The Martha's Vineyard Times is a weekly publication.
March 3 - March 9, 2005 Edition
Web Comments - Email Submissions

WEST TISBURY
March 3, 2005


Hermine Hull - 508-693-2525 - hrmhull@gis.net

Here we are again with snow, snow, snow. I feel like it is the most beautiful, since it might be the last of the winter.

Happily, my new car is up to the task. Mike and I have been talking about getting a new car for about a year now. My beloved Trooper (1990) had been kept in perfect mechanical shape by my husband and Kenny Belain, but its body was looking like a lace doily - a rusty lace doily. Mike's applications of Bondo weren't keeping ahead of the problem. So we started studying up on cars.

Isuzu doesn't make Troopers anymore. Neither the Honda nor the Toyota I drove felt right. I had a set of criteria that didn't seem to fit any vehicle available. I wanted four-wheel drive, room for two large dogs, good visibility, good space for packing paintings, painting equipment, plants (trees, shrubs, and twelve flats of impatiens, not just a pot or two of geraniums,) and comfortable seats with good support. I had driven my friend Sue's Rav4 over the winter and discovered the issue of automatic window controls on the armrests in the back seat when Tallulah almost decapitated herself as we were driving along one morning. Although I really prefer crank windows and old-fashioned door locks, no such things exist any longer.

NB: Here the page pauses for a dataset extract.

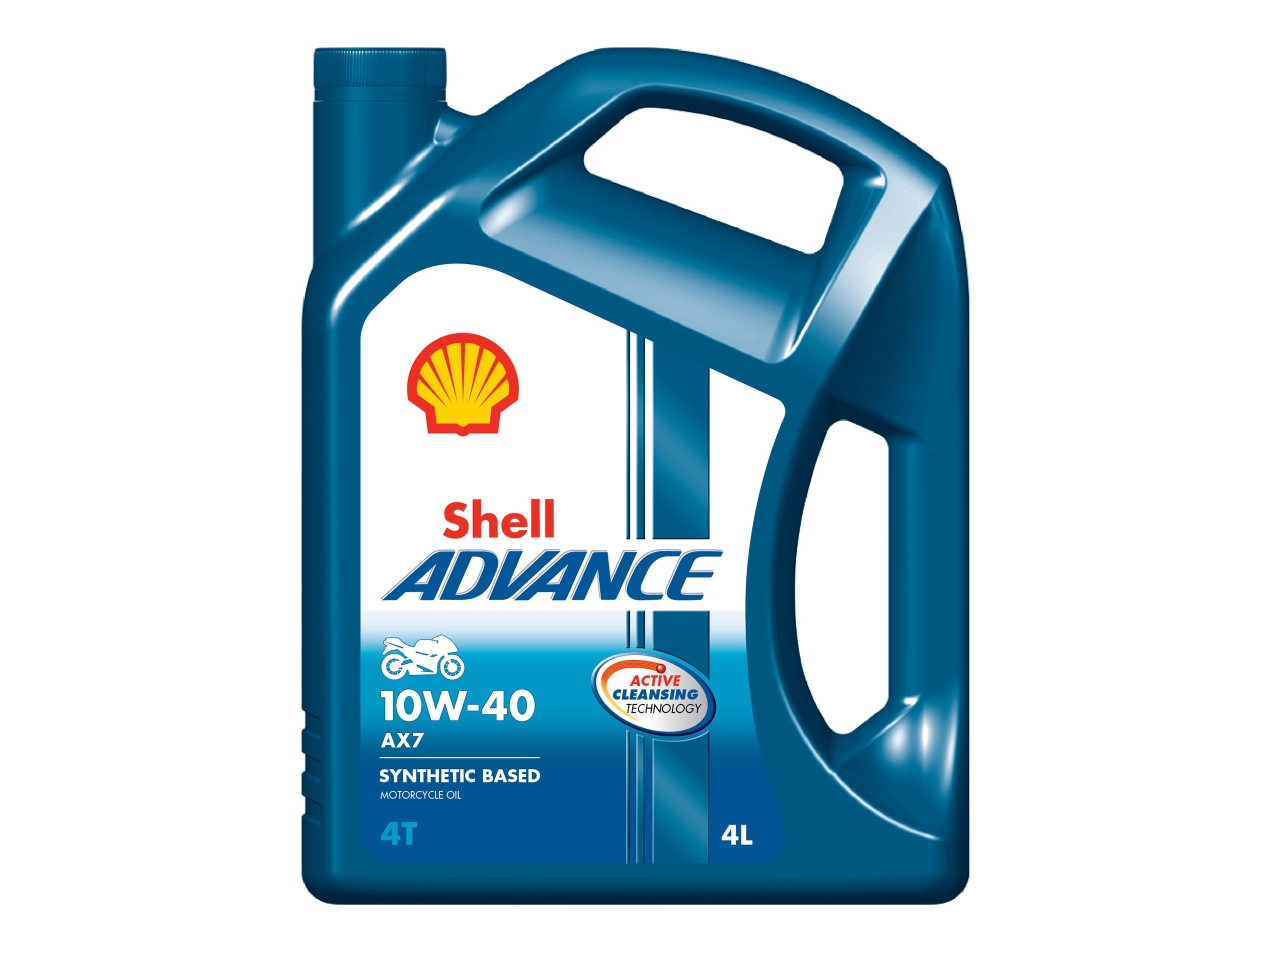 Shell Advance 4T AX7 10W-40 motorbike oil 4L
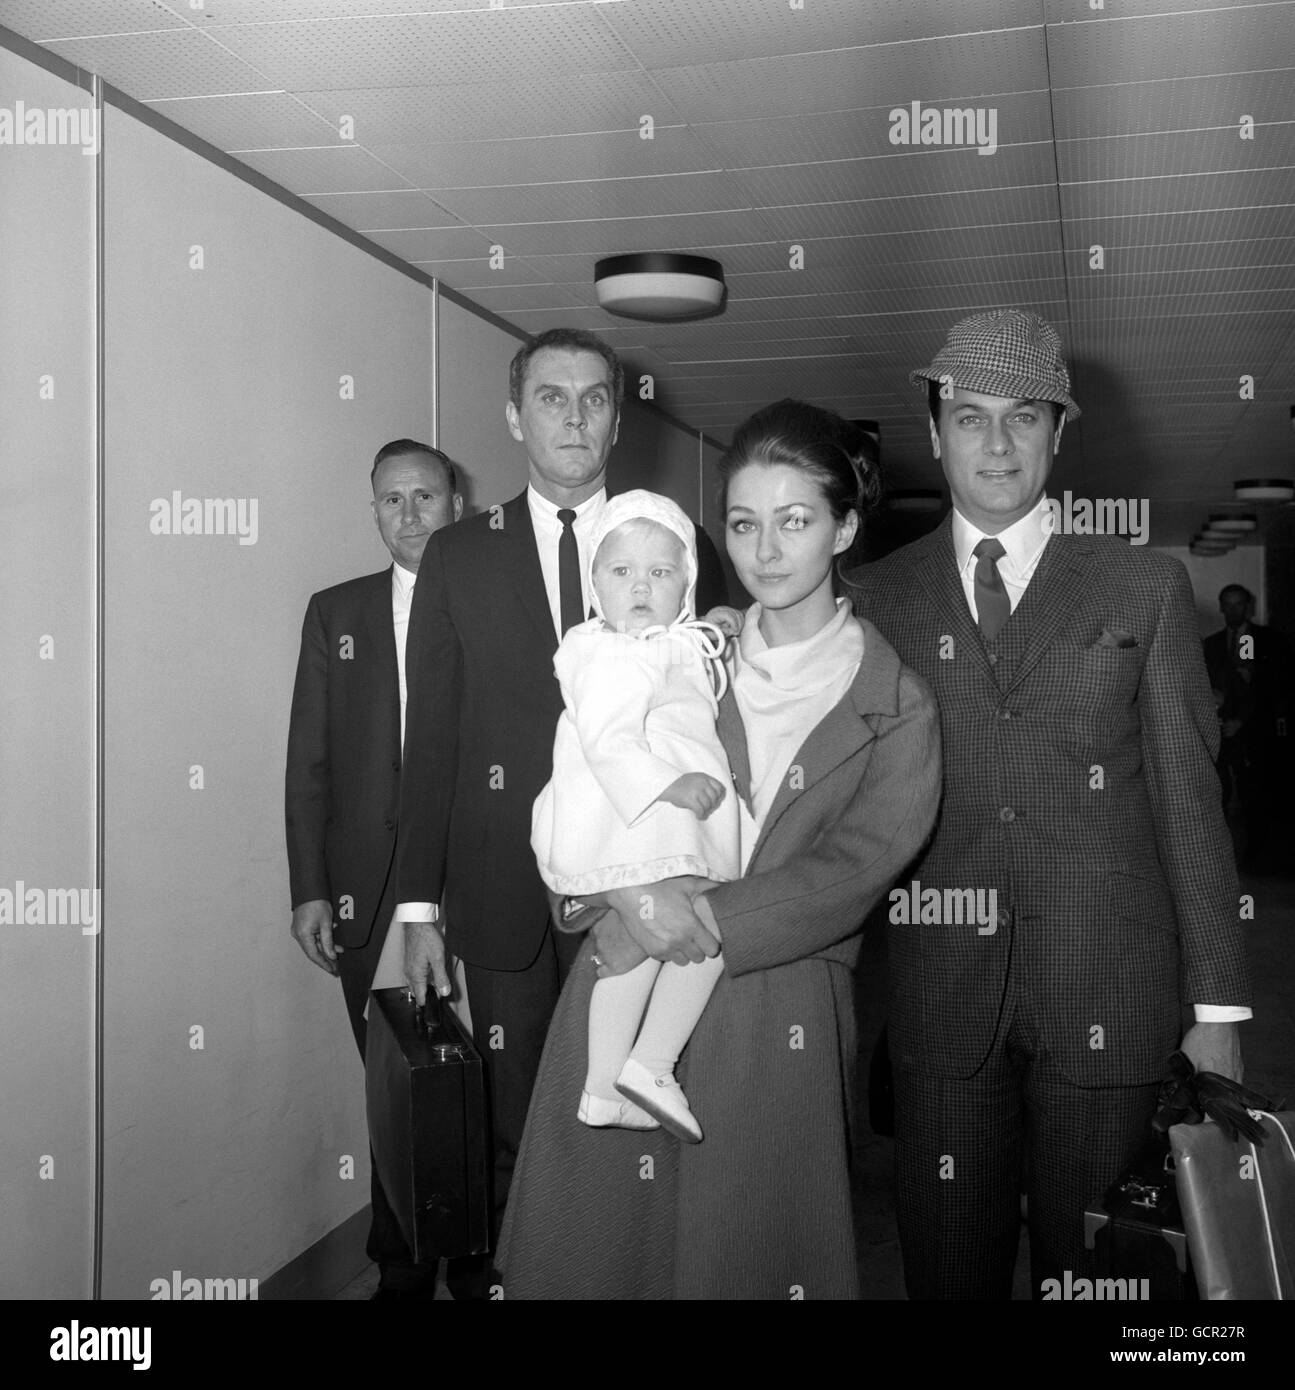 El actor estadounidense Tony Curtis, a la derecha, con su esposa, la actriz alemana Christine Kaufmann, y su hija de 14 meses Alexandra en el aeropuerto de Heathrow. Foto de stock

On our way home from the Rhode Island Flower Show last weekend, my sister-in-law BZ and I stopped in at the Jeep dealership in Falmouth. We checked out the cars in the showroom and I took home some brochures for Mike to look at. Mike actually agreed to go off-Island with me, not so surprising since mechanical parts were involved, and the next morning we set forth. We came home with a very handsome dark green (Beryl Pearl) Jeep Liberty. It's tall and square like my Trooper, has the window controls between the front seats, nowhere near Tallulah. The straight up and down seats, low headrests, and narrow pillars between good-sized windows give excellent visibility. Good ground clearance. I'm getting accustomed to the automatic door locks, which are a pain in the neck, and am somewhat mystified that nothing gets gas mileage as good as my 15-year-old Trooper, but this is pretty close. I hope everyone will start to recognize my new vehicle and wave to me again.

I was surprised not to have heard from Dick Burt after writing about him a couple of weeks ago. When we saw each other this morning he said he could picture all of us around the table at Humphreys just as I had described. He and Nancy Cramer had been away at the Baltimore Craft Show and when they returned, Jessica had tacked up a copy of the column for them to read.

The Bessire family gathered in New York City last weekend to visit the gates in Central Park and to celebrate the seventh birthday of Blakey Bessire, elder daughter of Mark and Aimee. Grandma Louise took Blakey and her cousins, Nicholas and Emma, to tea at the Plaza Hotel. Younger sister Clay will be old enough to attend next year, but she was able to join the rest of the family for a performance by the New York City Ballet that evening.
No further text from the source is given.